I have taken another look at the roger channel message which went out on December 17, 1969 as a Top Secret supplement3 to the President’s letter to Ambassadors of December 9, 1969. That message was the best we could get from the Department at the time. What we need now, I believe, is a shorter, simpler Presidential communication which stresses the importance of national intelligence collection, makes clear that the President must look primarily to the Director of Central Intelligence and his overseas representatives for this intelligence, and reminds Ambassadors that their full support and that of their missions is essential to the accomplishment of this national task. The one specific item which should be covered would be the “third country” operational item mentioned above.

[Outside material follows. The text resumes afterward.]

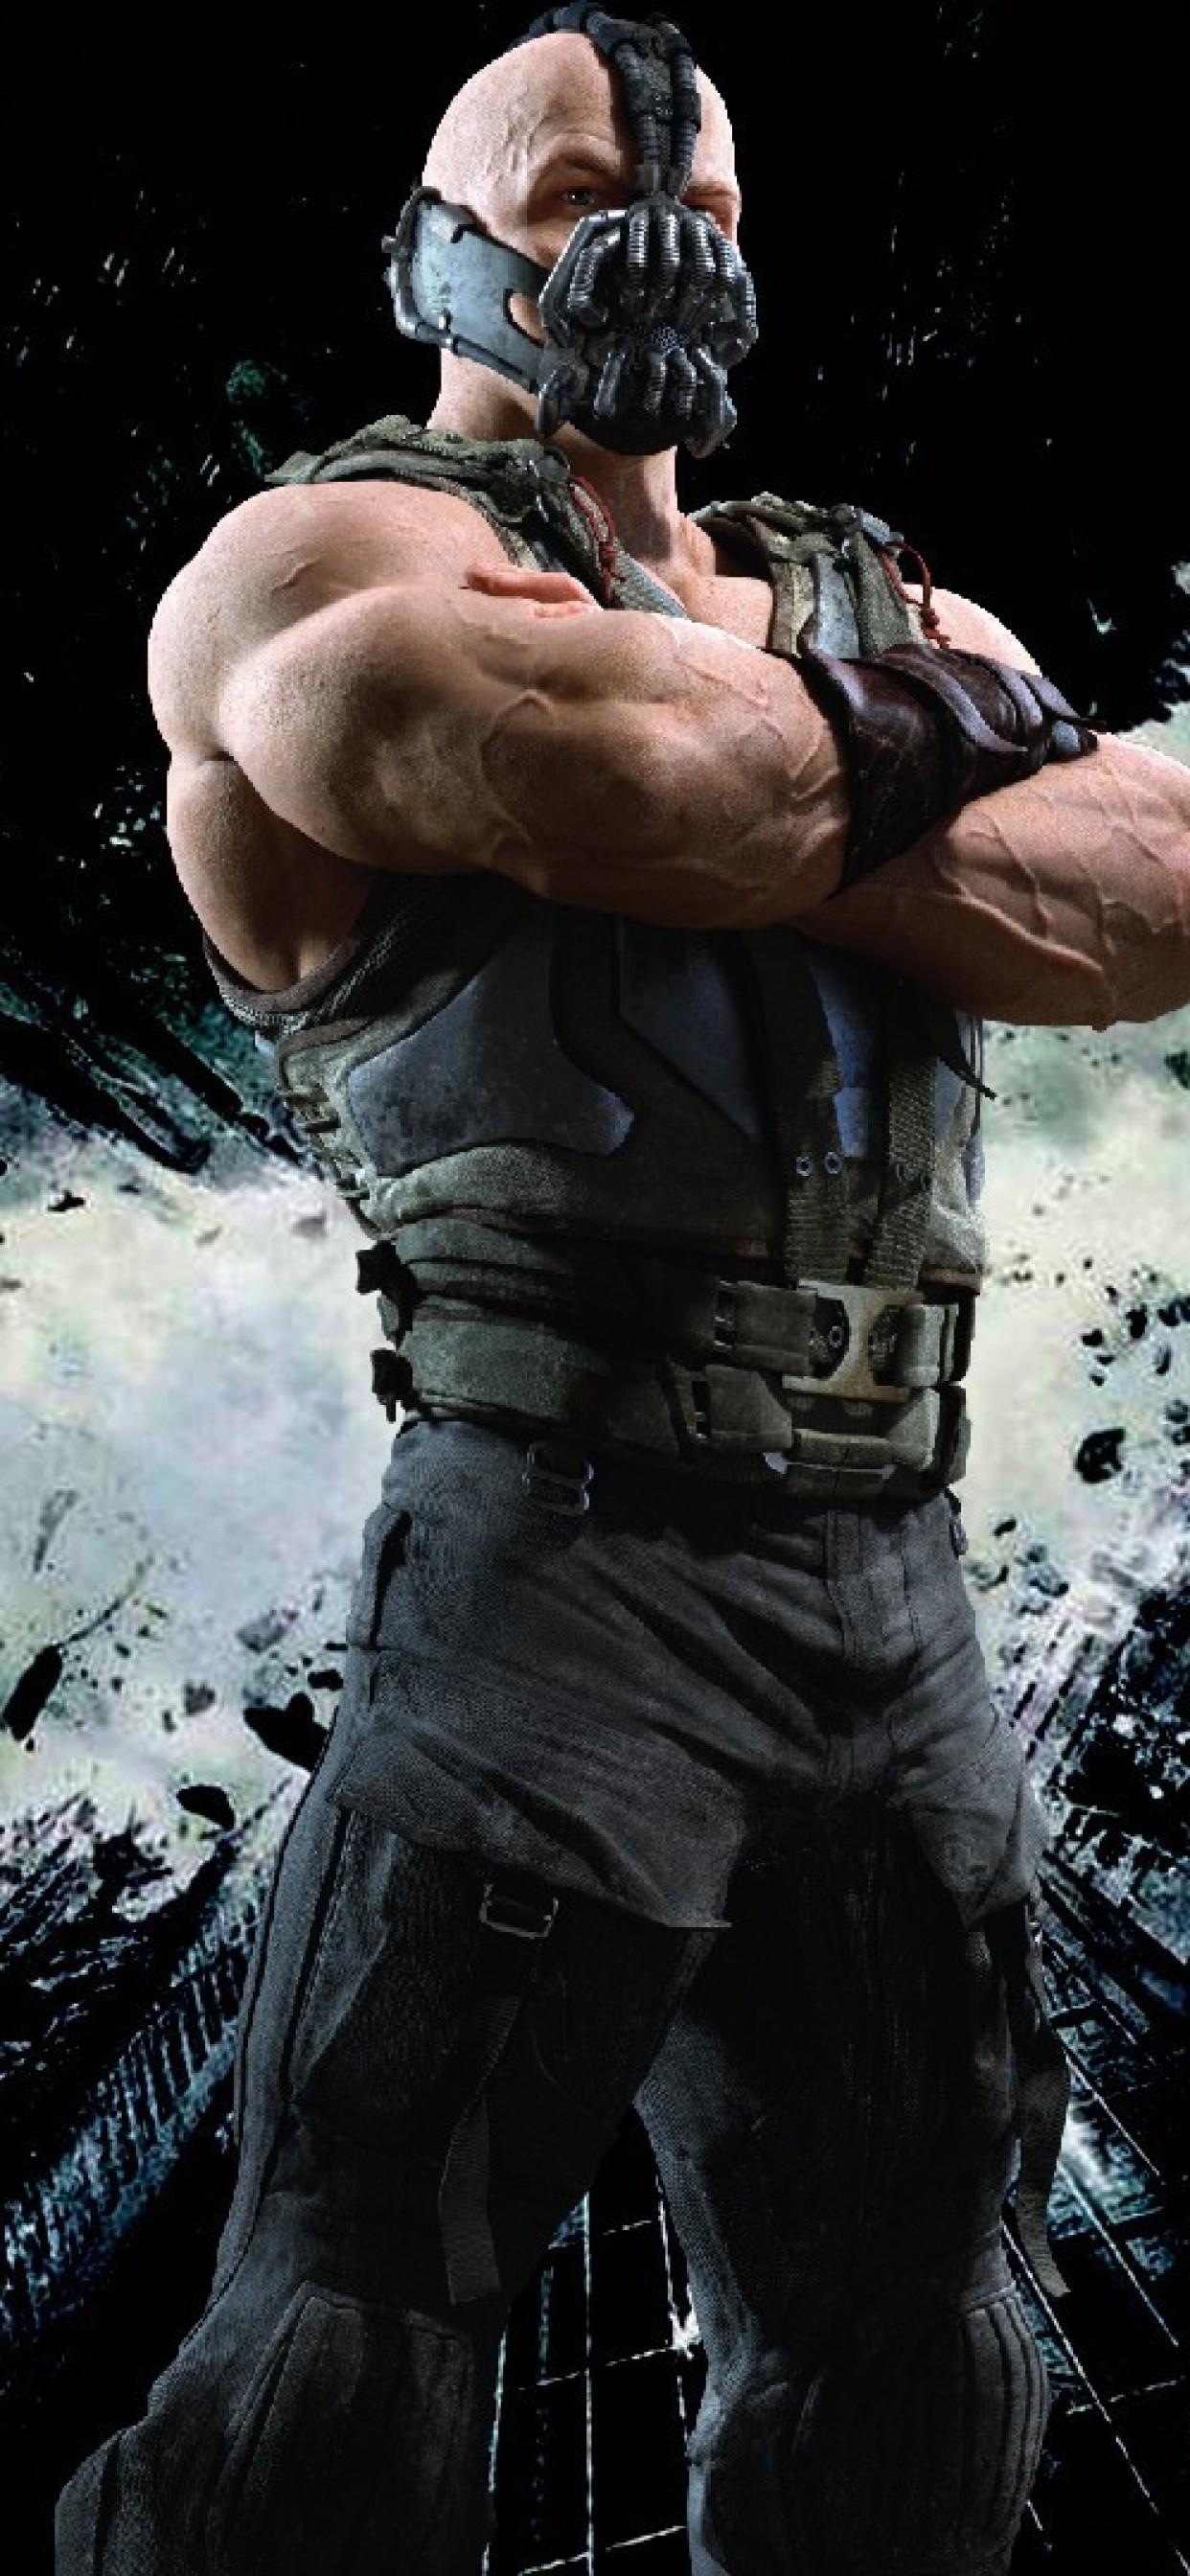 Iphone Xs Max Tom Hardy Wallpaper - Bane 2 - Dark Knight Rises , HD Wallpaper & Backgrounds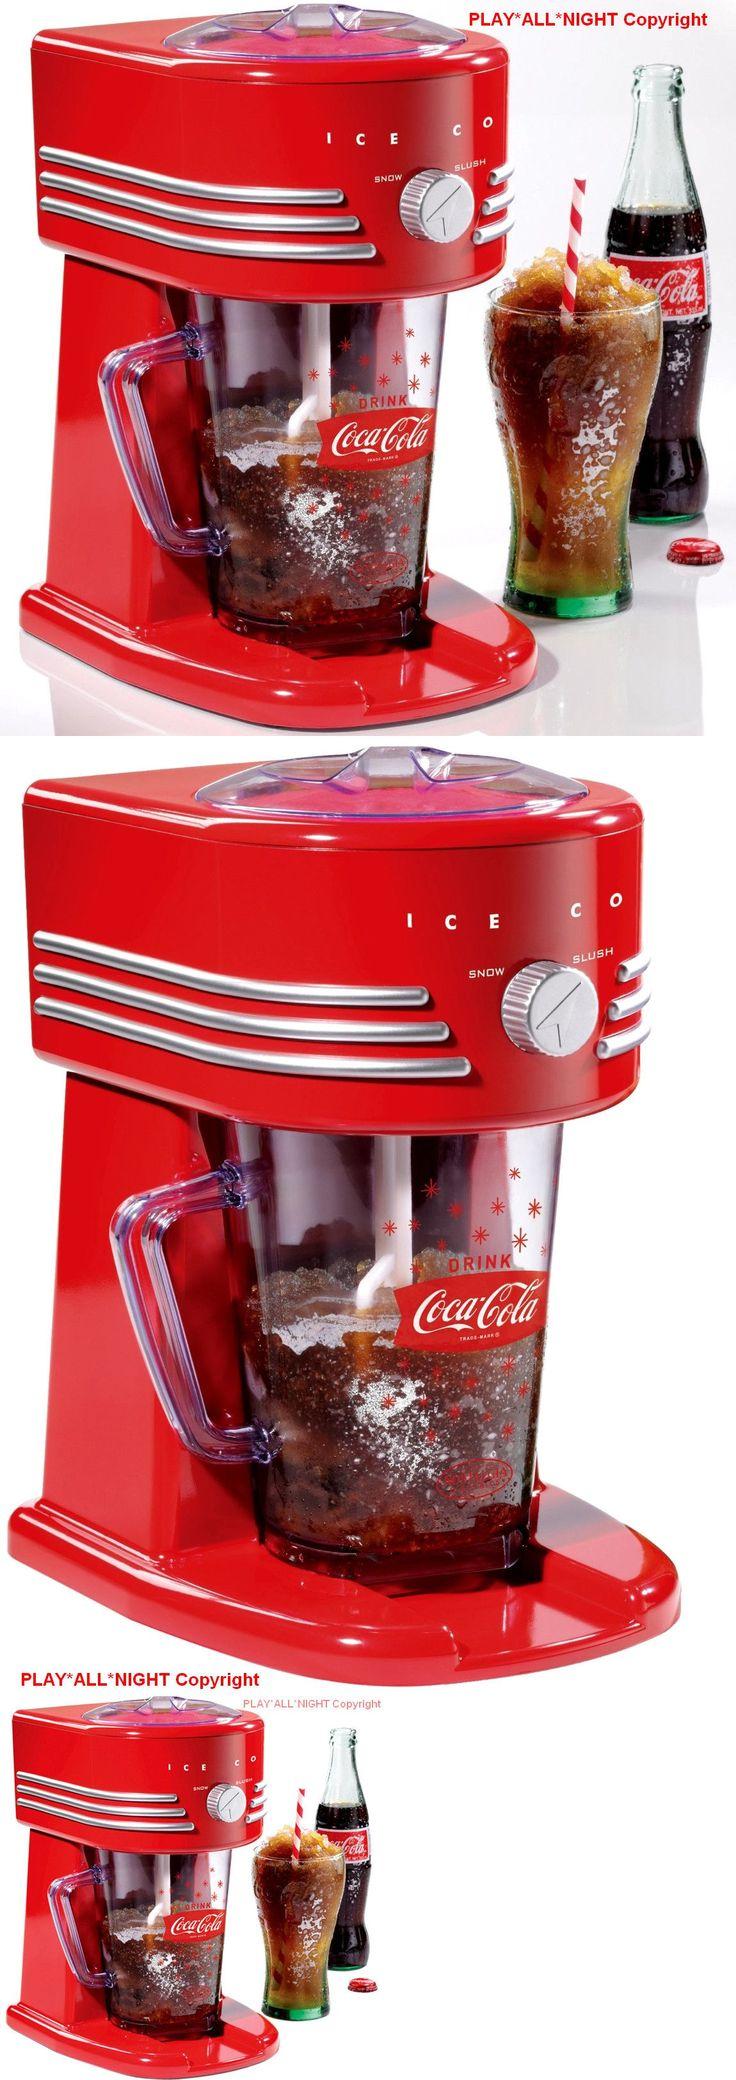 Other Small Kitchen Appliances 20685: Coca-Cola Series Frozen Slushie Drink Maker Snow Cone Slurpee Slush Ice Machine -> BUY IT NOW ONLY: $38.95 on eBay!

Normally, Ambassadors are quite content with our internal operations which support their local interests but take a dim view of our maintaining additional personnel in order to do our counter-intelligence work and our Soviet, ChiCom, Satellite and related activities both within and beyond the host country. This is the area on which the State Department has been zeroing in in an effort to get us to lay it all out in black and white and in great detail for the Ambassadors. I do not believe that it would serve our best interests to accede to this kind of enlargement of State and Ambassadorial direct interest in the details of our operational activities.
4.
We made a copy of your draft letter and will see if we can come up with something that incorporates some of the thrust of your proposal as well as some of the thrust of my augmentation above.

Tom
  1. Source: Central Intelligence Agency, Executive Registry Files, Job 80–M00165A, Box 21, Folder 446, State/Letters to All Ambassadors. Secret.
  2. In an August 8 memorandum to Karamessines, Colby reported that he suggested to Helms “the possibility of a Presidential letter to Ambassadors to obtain their full support of the intelligence effort,” and Helms “indicated interest in the idea.” (Ibid.) Colby attached a draft of the letter, which he viewed as a counterpart to President Nixon’s December 9, 1969, letter to Ambassadors (Document 310).
  3. Document 311.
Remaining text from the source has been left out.